Transcribe each line below verbatim; pictures excluded.

**Stored data:**

======

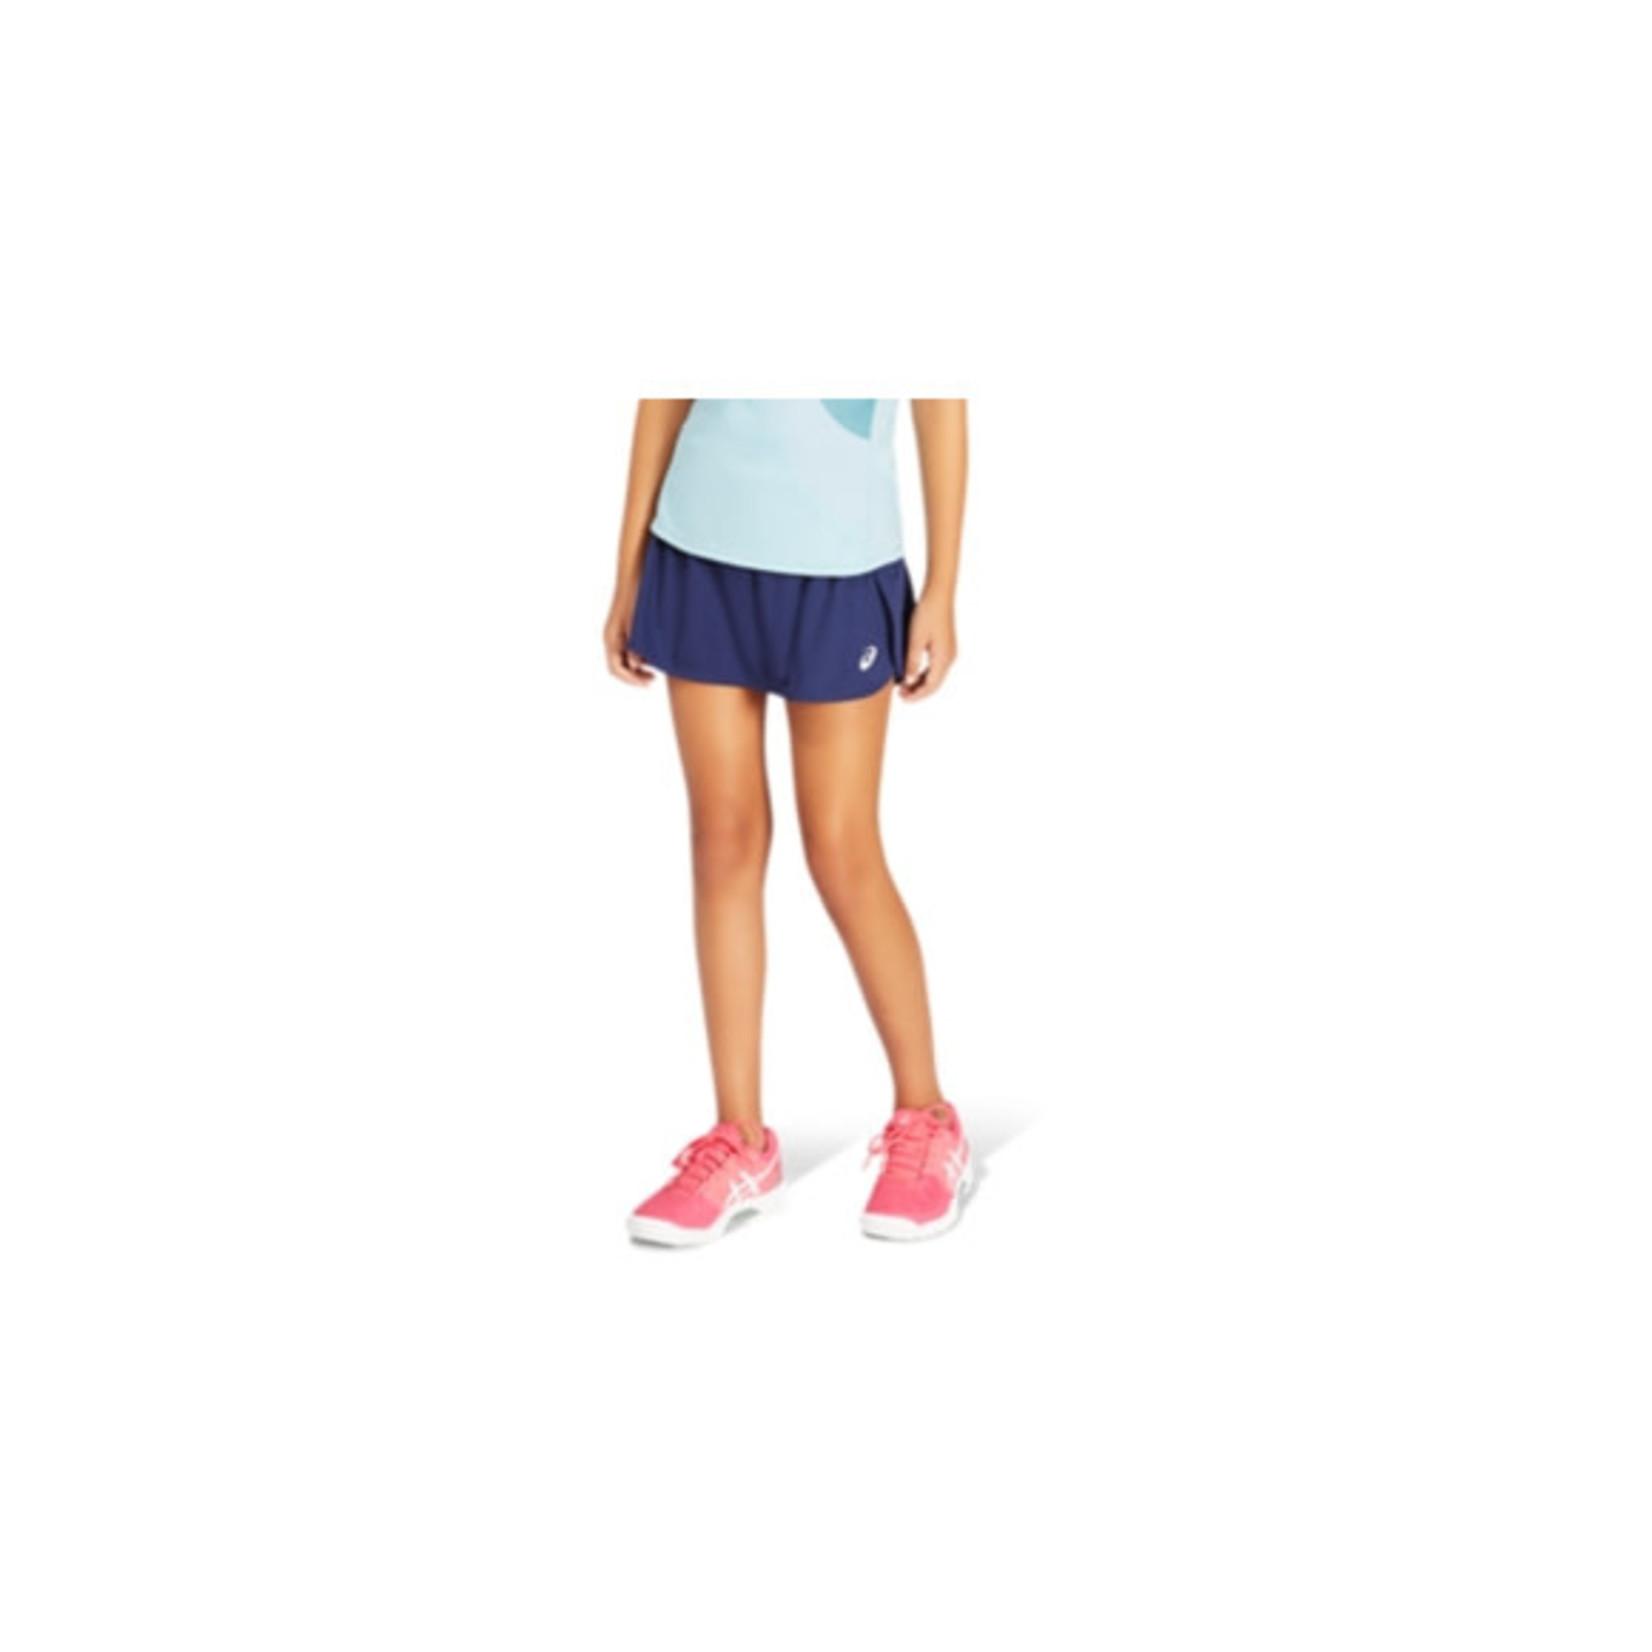 Asics Meisjes - Tennisrok Donkerblauw
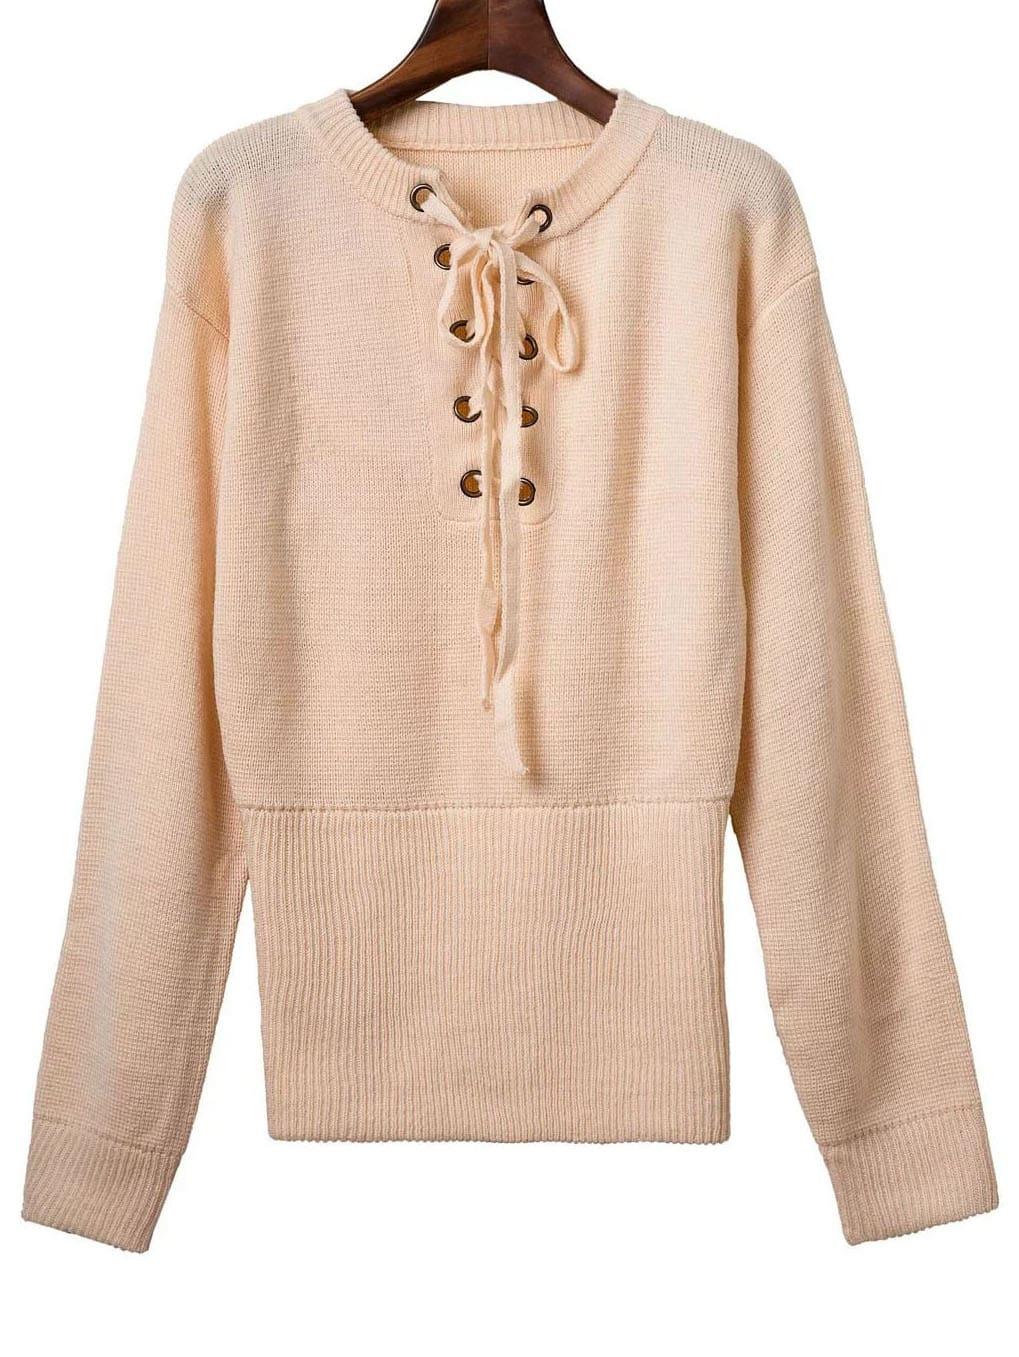 Khaki Ribbed Cuff Wide Hem Lace Up Sweater sweater160805205
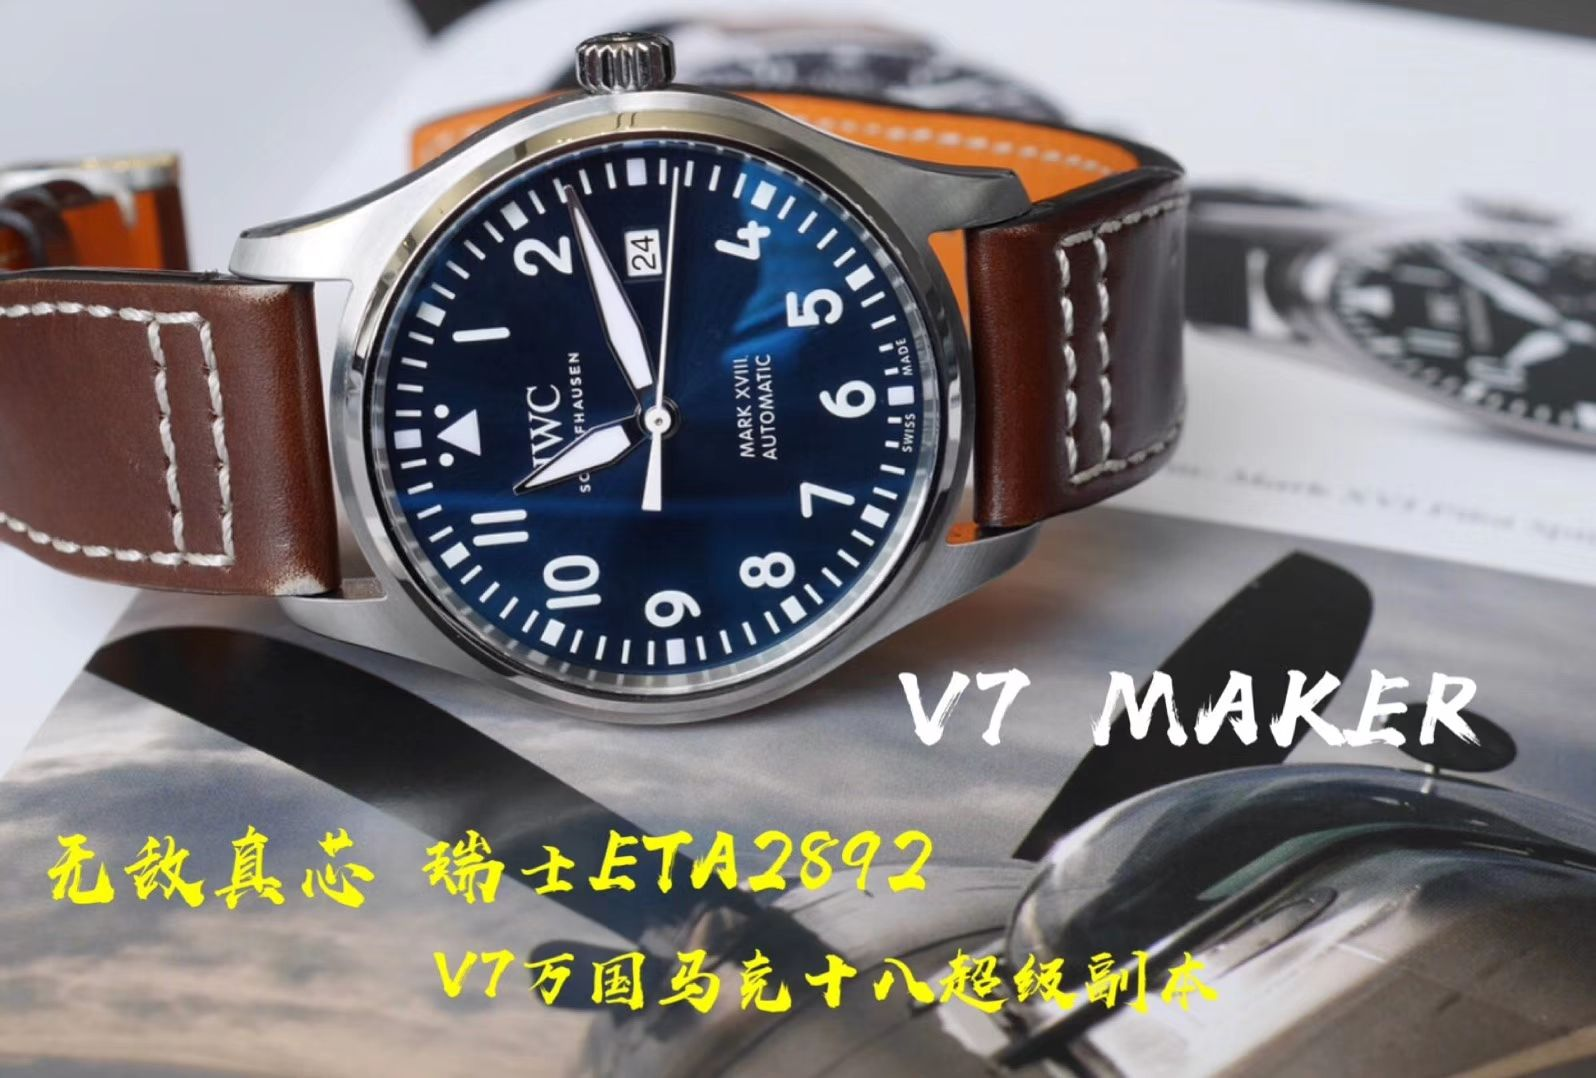 "【V7顶级高端作品、一比一超A高仿】万国表 马克十八飞行员腕表""小王子""特别版系列IW327004腕表、IW327003,IW327001,IW327002 / WG168"

======

**Answer box:**
 Asics Meisjes - Tennisrok Donkerblauw
 Khaki Ribbed Cuff Wide Hem Lace Up Sweater sweater160805205
 "【V7顶级高端作品、一比一超A高仿】万国表 马克十八飞行员腕表""小王子""特别版系列IW327004腕表、IW327003,IW327001,IW327002 / WG168"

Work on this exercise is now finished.